[Samba] Why Samba AD is the single-source of truth, not augmentation to unix

Andrew Bartlett abartlet at samba.org
Fri Apr 28 23:59:40 UTC 2023

On Fri, 2023-04-28 at 16:51 +0100, Rowland Penny via samba wrote:
> On 28/04/2023 15:17, Gary Dale via samba wrote:
> > What you are arguing for (and what Samba is now doing) is the
> > former - a 
> > single instance of everything - instead of extending the AD
> > strategy to 
> > propagate changes between domain controllers and Unix
> > authentication. 
> > Given that the AD propagation strategy provides redundancy and
> > better 
> > performance, this seems like a strange choice.
> > 
> > When you combine this with the harm it does to existing Unix 
> > infrastructure, the idea appears indefensible.
> > 
> > 
> Whilst looking through my deleted bin for an email that got deleted
> by 
> mistake, I found this post.
> Gary, These are just my personal thoughts and have nothing to do
> with 
> any other person or entity.
> Samba was from the very start an attempt to emulate the SMB protocol,
> it 
> is in its very name: SaMBa. It was an attempt to connect Windows and
> Unix.
> Now some of what was done in the past was probably not a good idea,
> but 
> you cannot change the past.
> Samba (at the moment) can operate as an NT4-style PDC, but they rely
> on 
> SMBv1 and Microsoft stopped supporting NT4 over 20 years ago, they 
> replaced it with AD and they are doing all they can to remove SMBv1.
> Samba, after a lot of hard work, released their version of AD about
> 10 
> years ago and it was and is a success.

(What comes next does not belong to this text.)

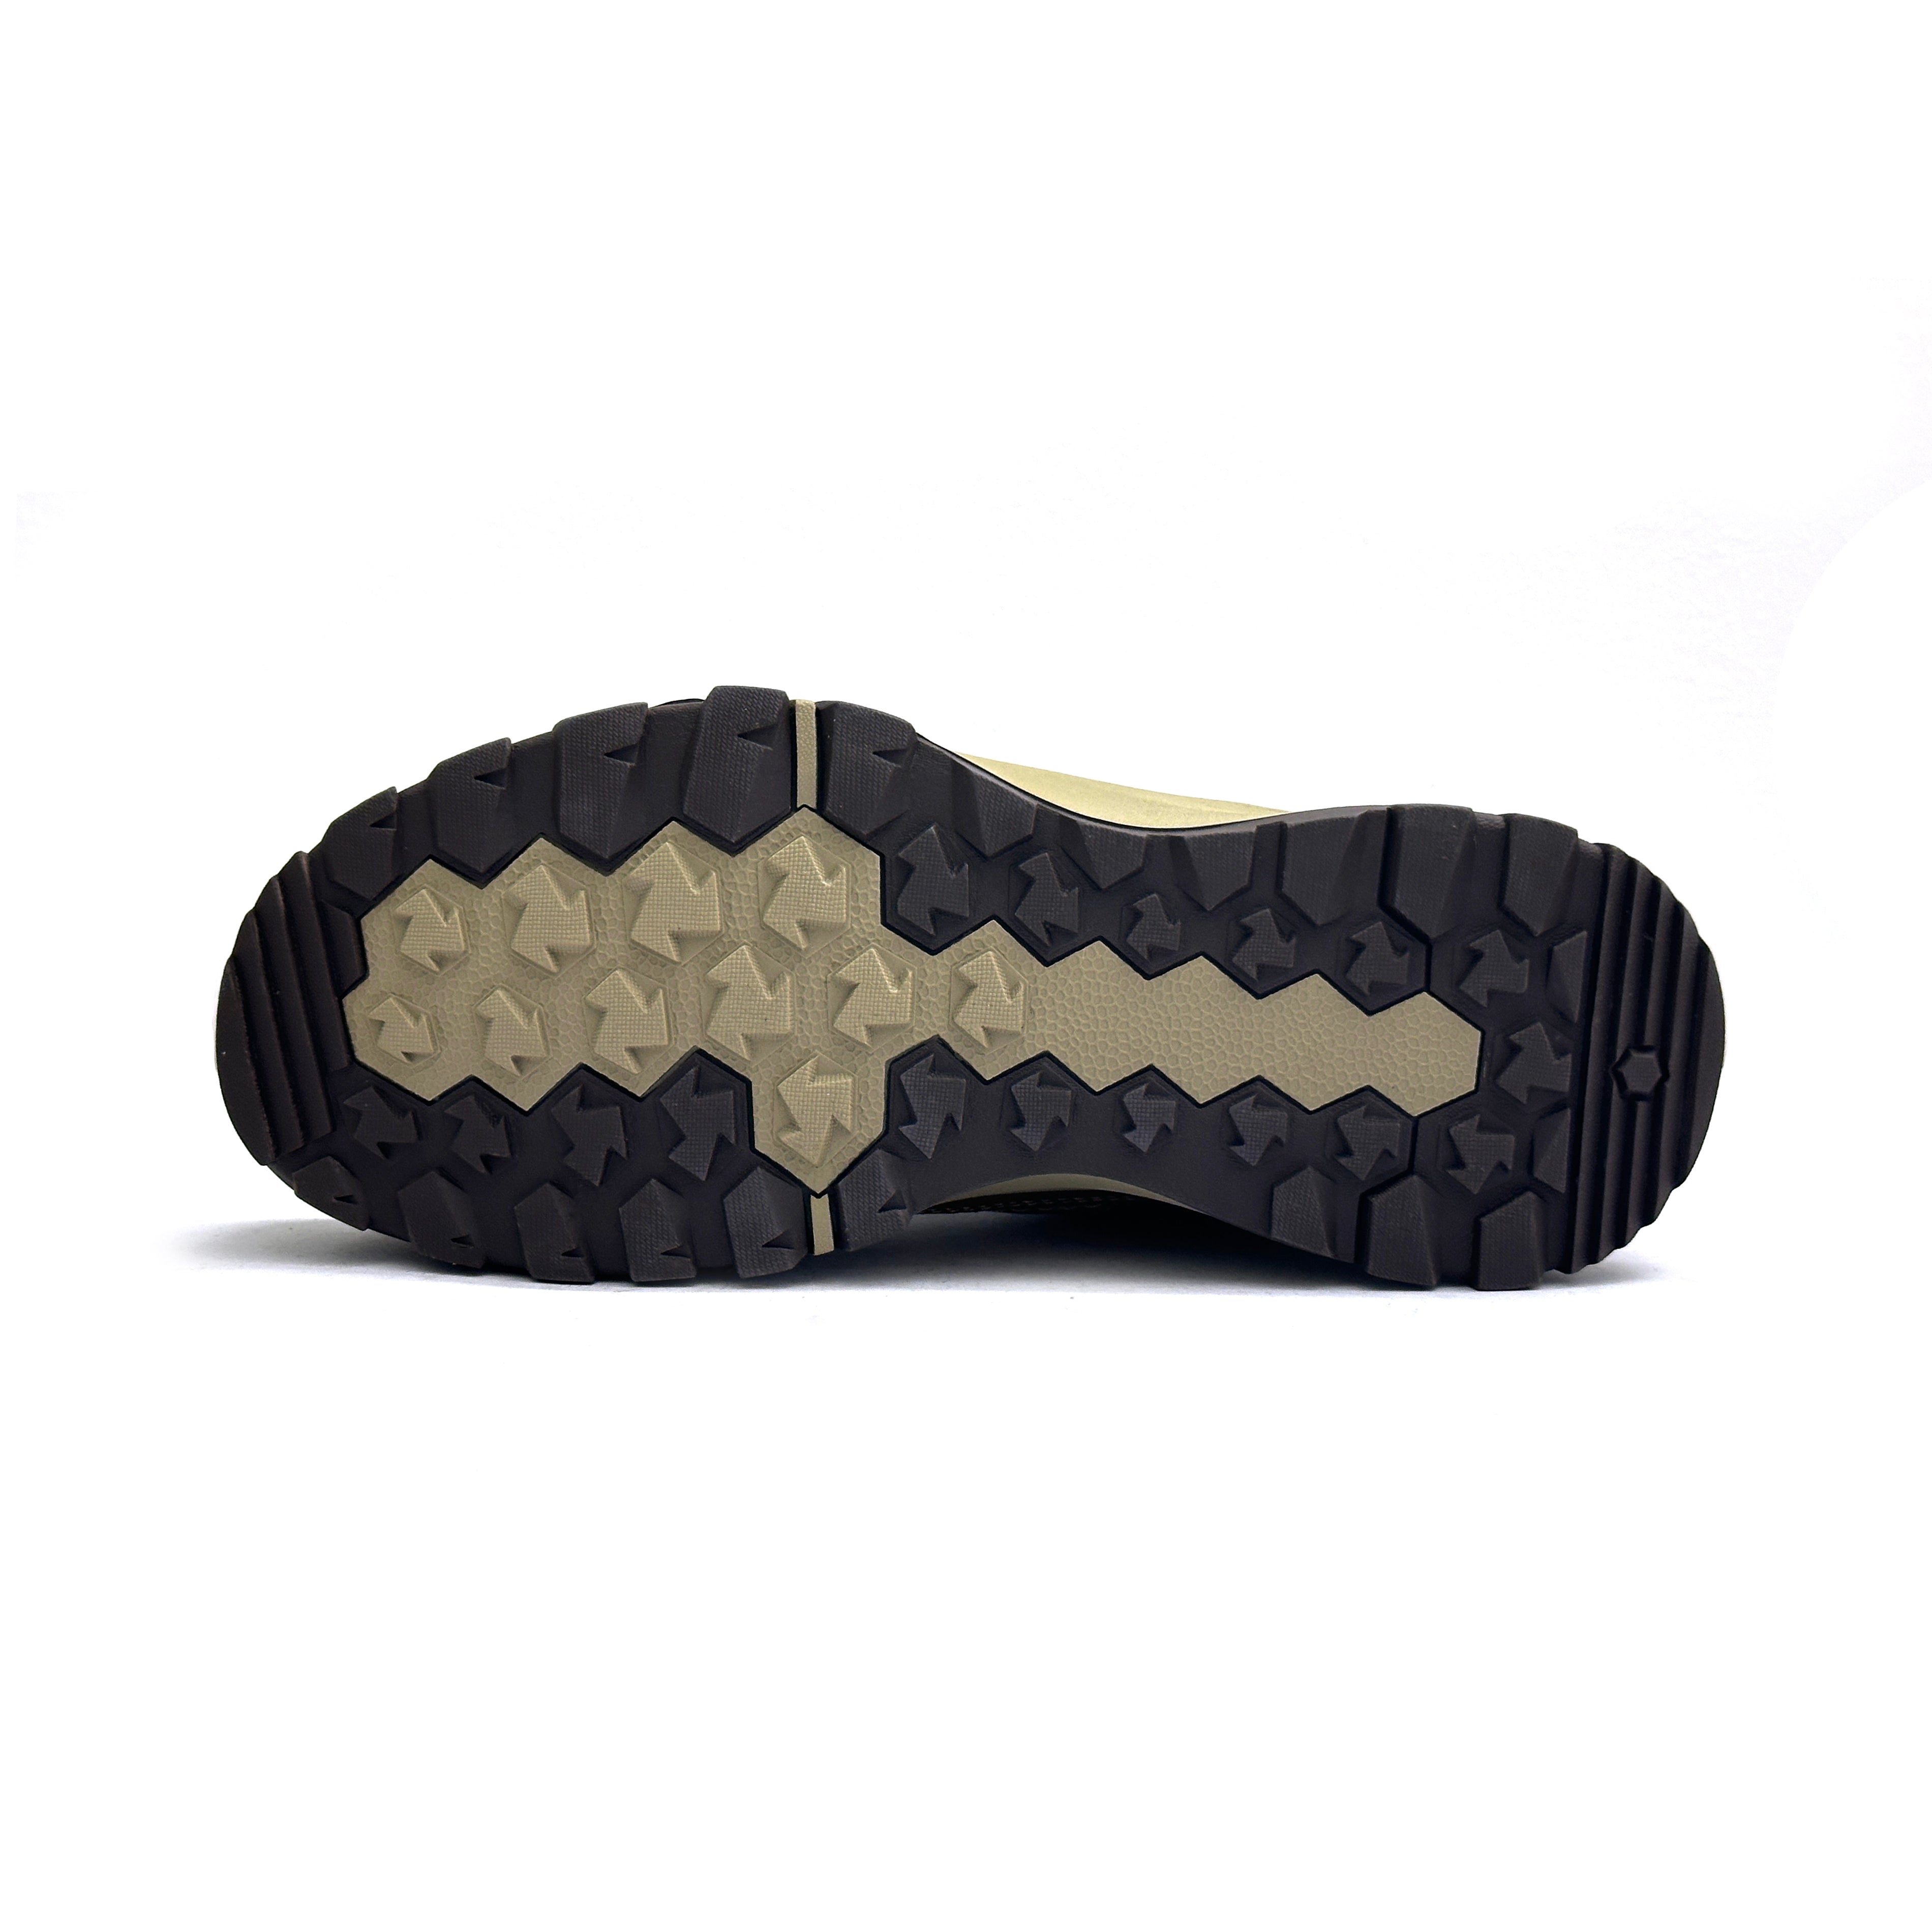 26090-camel Premium causal shoes For Men

It is a success because it 
> closely follows Microsoft AD, it has to, or it wouldn't be AD. This 
> means that a lot of what used to work is either not required any
> more 
> (local users on Linux) or just doesn't work or make sense.
> Running a Samba AD domain is a lot easier than running an NT4-style 
> domain, where you could have just one PDC and multiple BDC's, which
> may 
> or not take over (after you make them do it) if the PDC failed. You
> can 
> have multiple AD DC's where the only difference is the FSMO roles
> and 
> they can be easily moved to any DC.
> You want Samba changing to do what you want, but I am sorry, this
> isn't 
> likely to happen, you need to change the way you do things and if
> you 
> do, I think you will find things are easier than you think, want to 
> change a password ? Just do it in one place, AD, rather than
> multiple 
> places. Want to create users or groups on multiple machines, do it
> in 
> AD. I could go on and on, but I think you get the point, AD beats 
> anything else, hands down.
> Now, unless you are prepared to accept that Samba AD is never going
> to 
> work like an NT4-style domain, I suggest you go and find another way
> of 
> doing things.

Kia Ora Rowland.

This describes the situation well.  The deliberate design decision,
almost two decades ago, was that Samba4 (as it was then) would be the
single source of truth, not an augmentation to an existing external
source of truth.

Unix users are then provisioned out from Samba, using things like

This came from the real world experience of building and runinng Samba3
LDAP-backed DCs, with the choose-your-own-adventure of possible
deployment methodologies.  

The fact that AD provides LDAP sealed the deal.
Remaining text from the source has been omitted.